Aim of the exercise:
Transcribe the listing exactly, so that nothing but the pictures is missing.

Data extract:
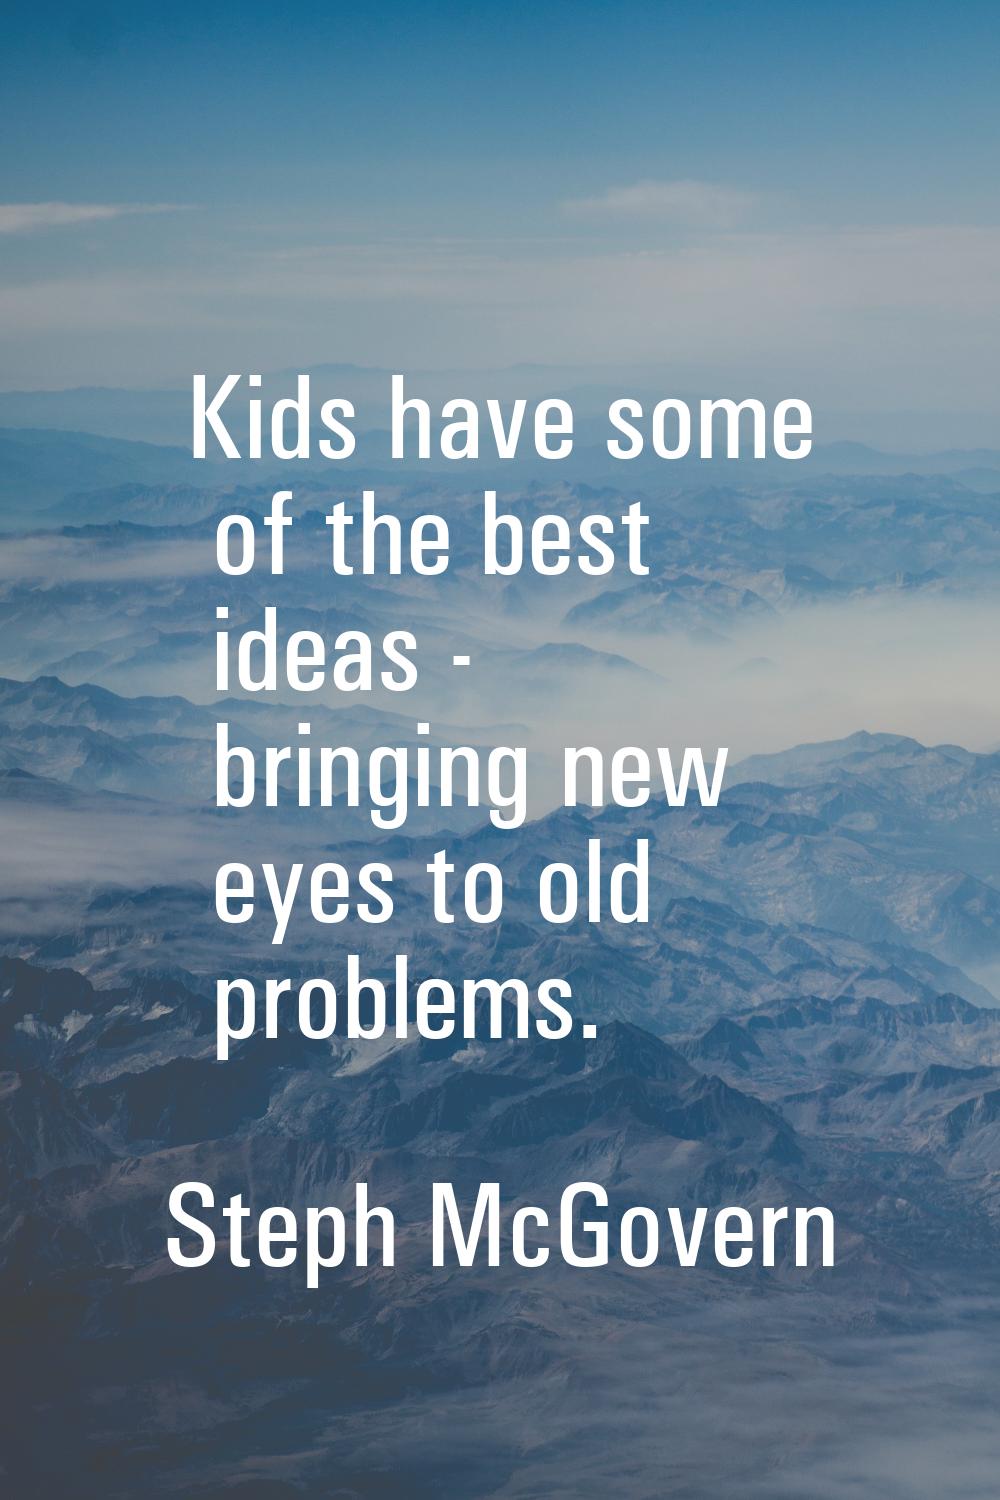 Kids have some of the best ideas - bringing new eyes to old problems.
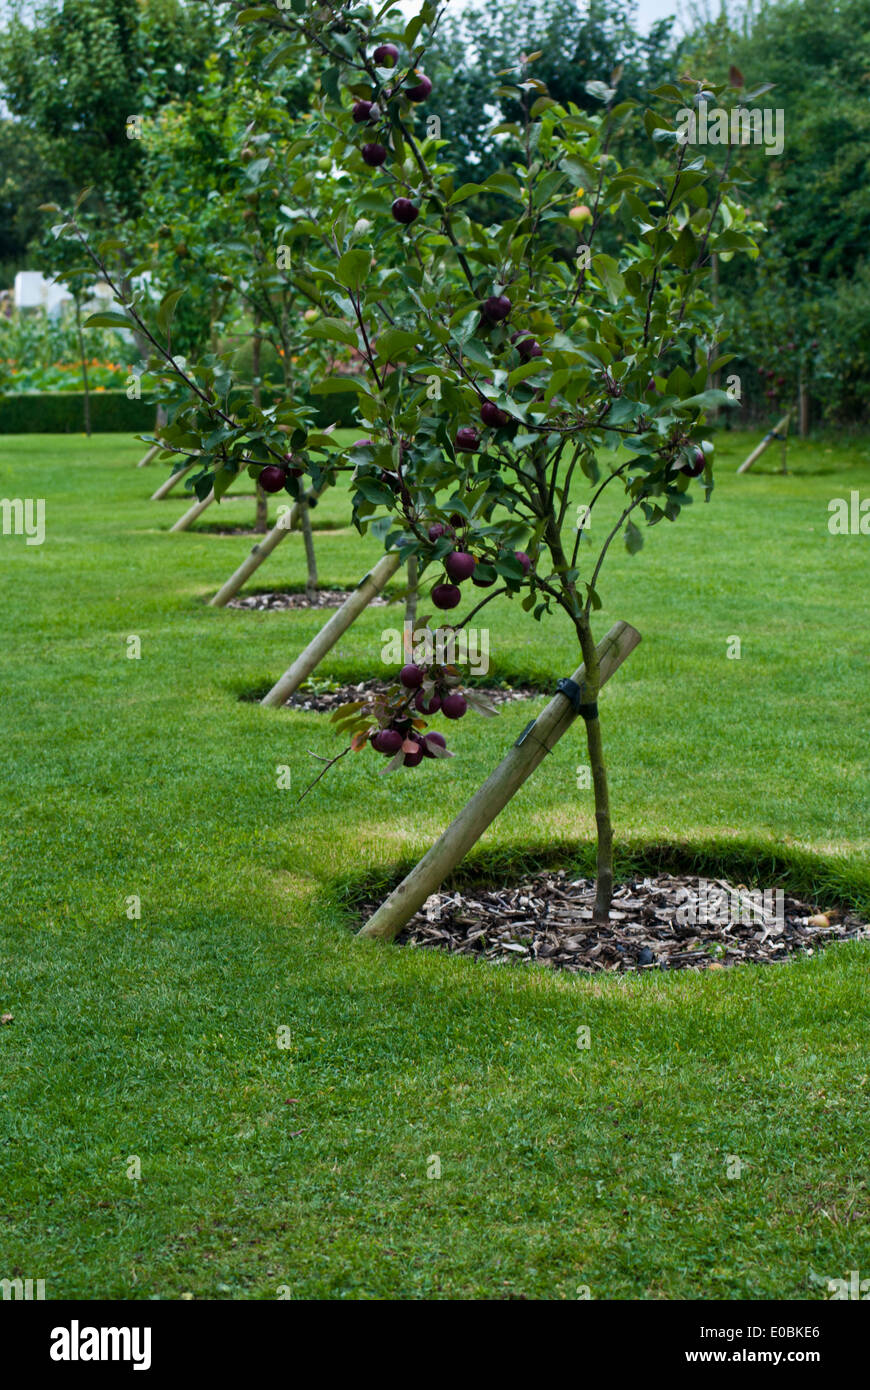 Maturing apple trees, the trunks being supported by wooden stakes Stock Photo
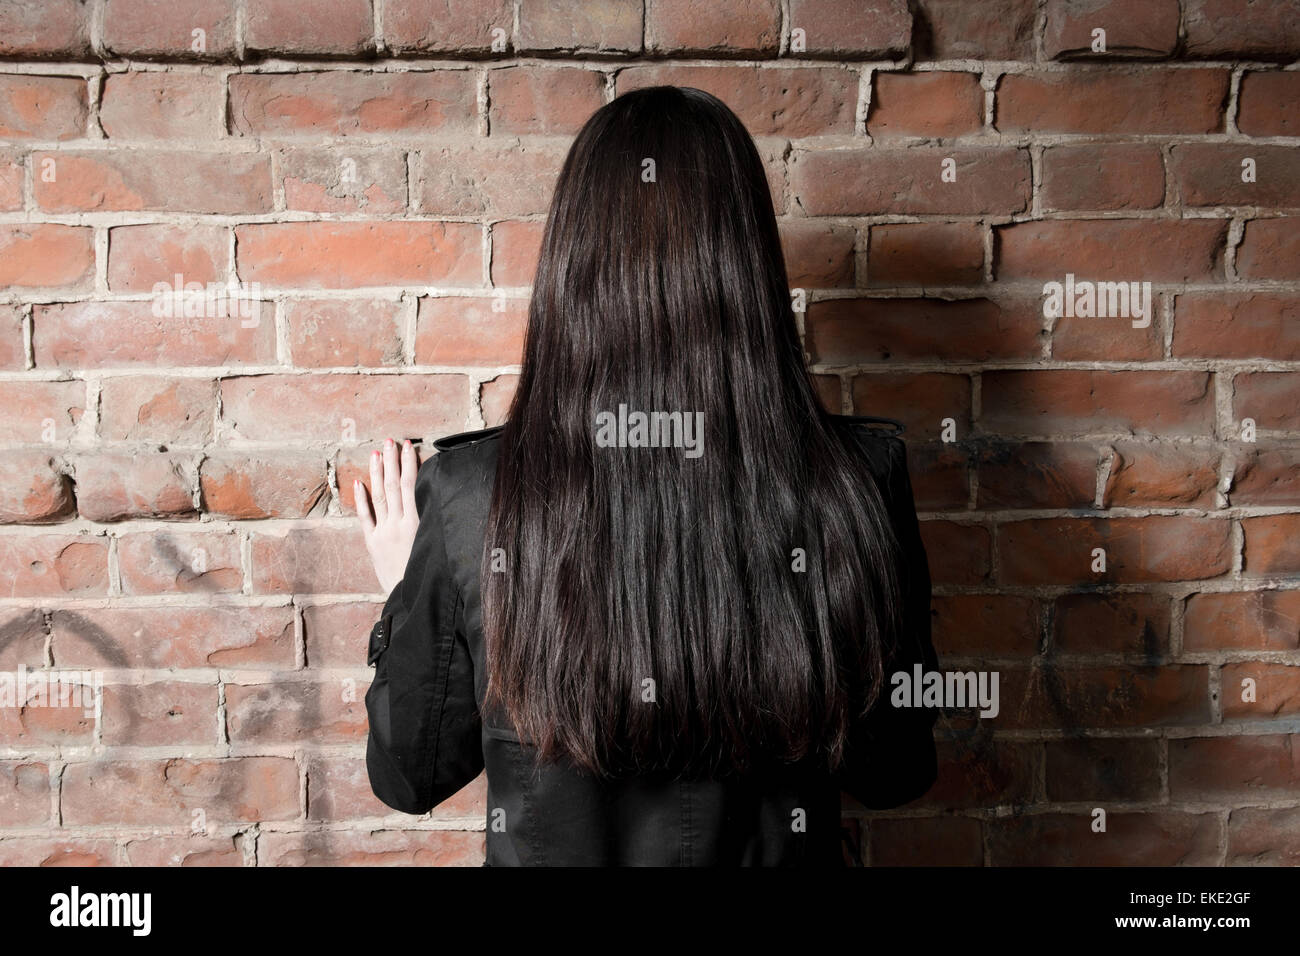 Rear view of a woman with long brown hair against red brick background Stock Photo

Result of this task:
 Kids have some of the best ideas - bringing new eyes to old problems.
 Maturing apple trees, the trunks being supported by wooden stakes Stock Photo
 Rear view of a woman with long brown hair against red brick background Stock Photo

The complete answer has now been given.